<<<<
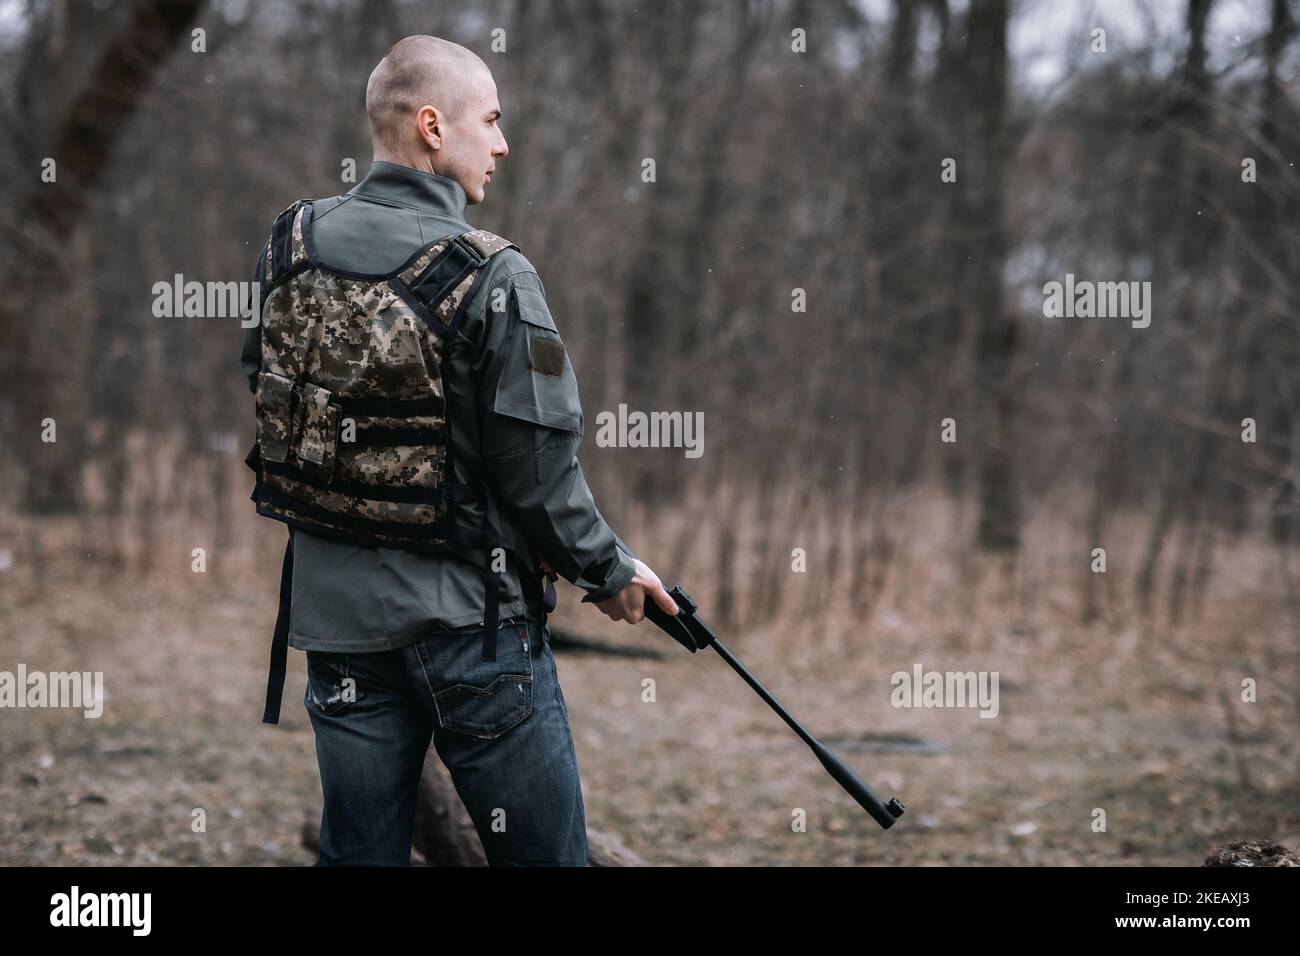 Very bloody war between Russia and Ukraine. Stock Photo
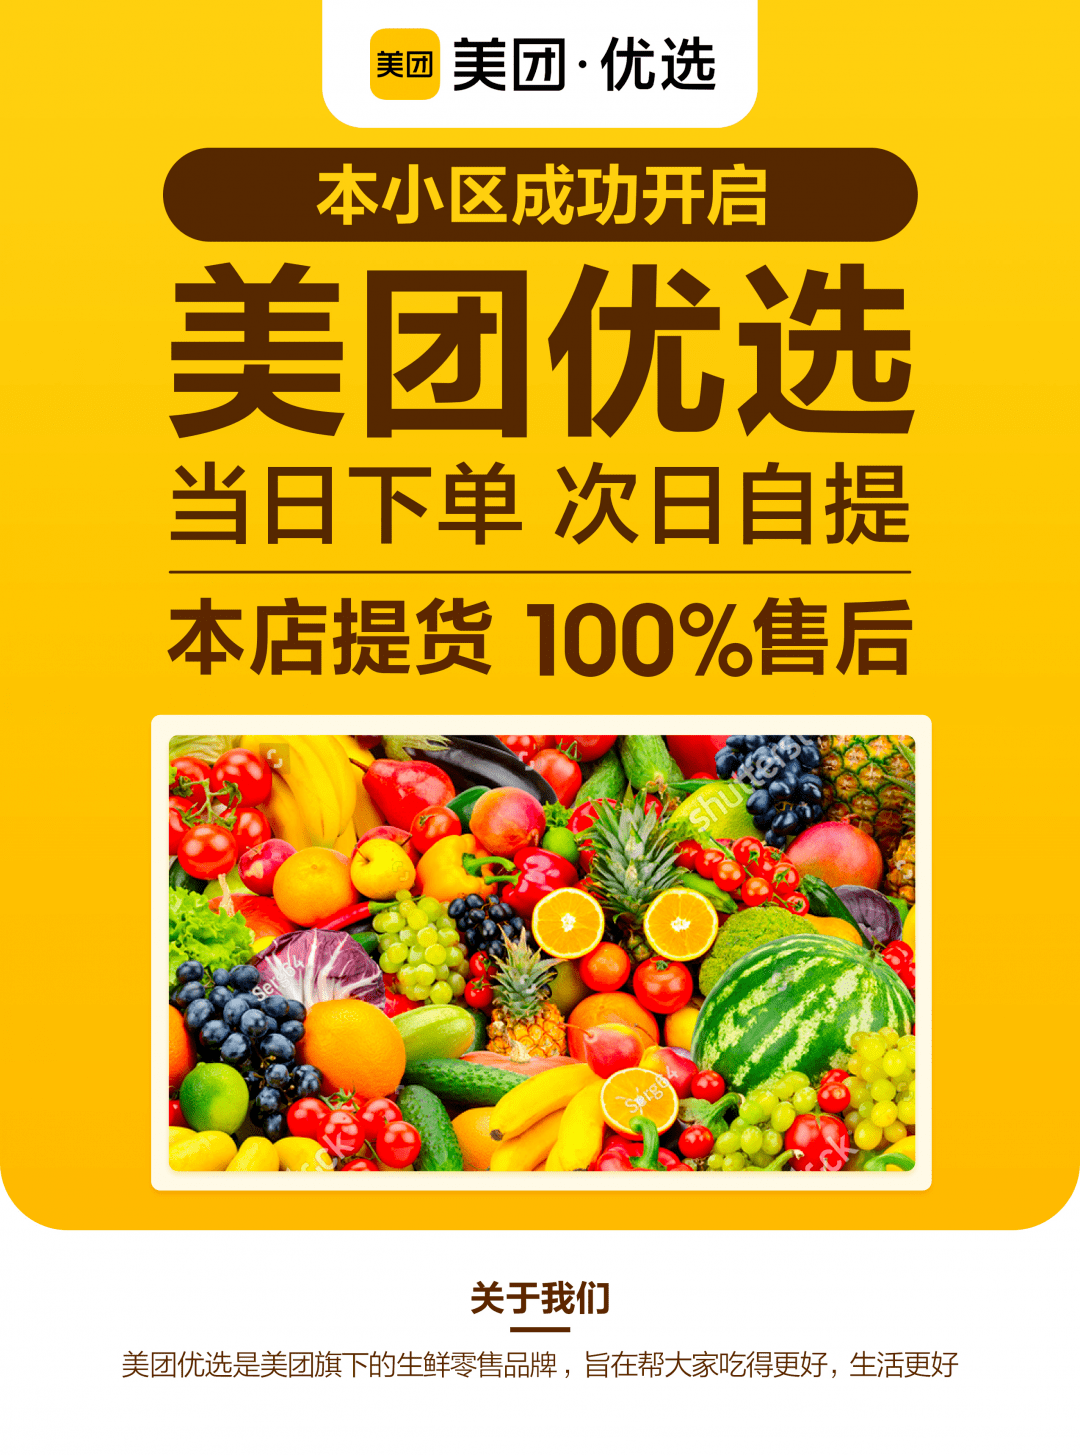 【美团优选】新用户0.01元买水果,蔬菜,零食!
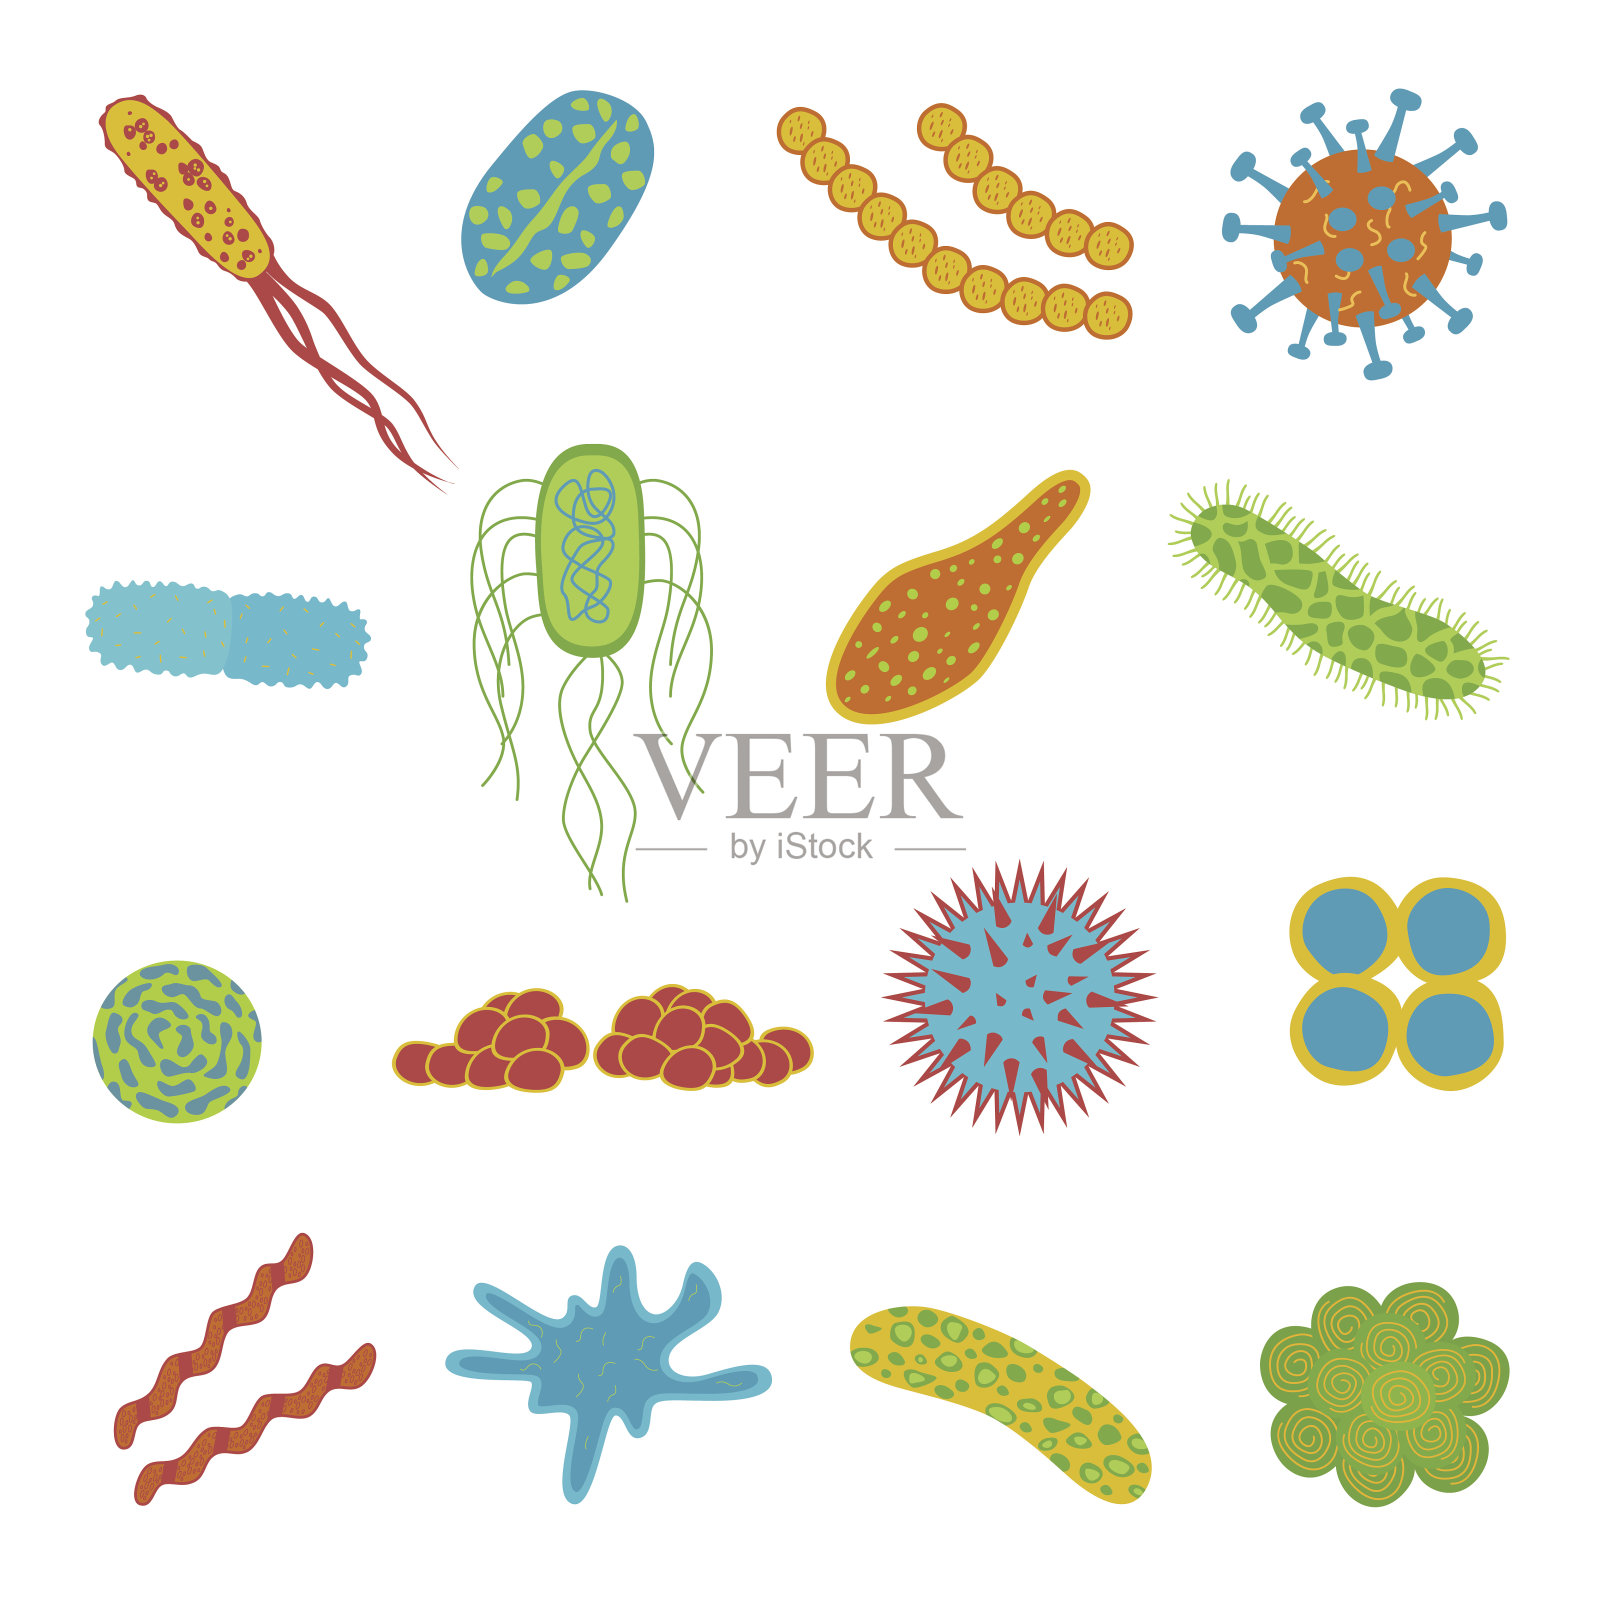 病毒和细菌图标隔离在白色背景上。插画图片素材
>>>>
» TASK:
Return each line of the data, keeping its wording exact and omitting pictures.

» EXERCISE RESULT:
 Very bloody war between Russia and Ukraine. Stock Photo
 【美团优选】新用户0.01元买水果,蔬菜,零食!
 病毒和细菌图标隔离在白色背景上。插画图片素材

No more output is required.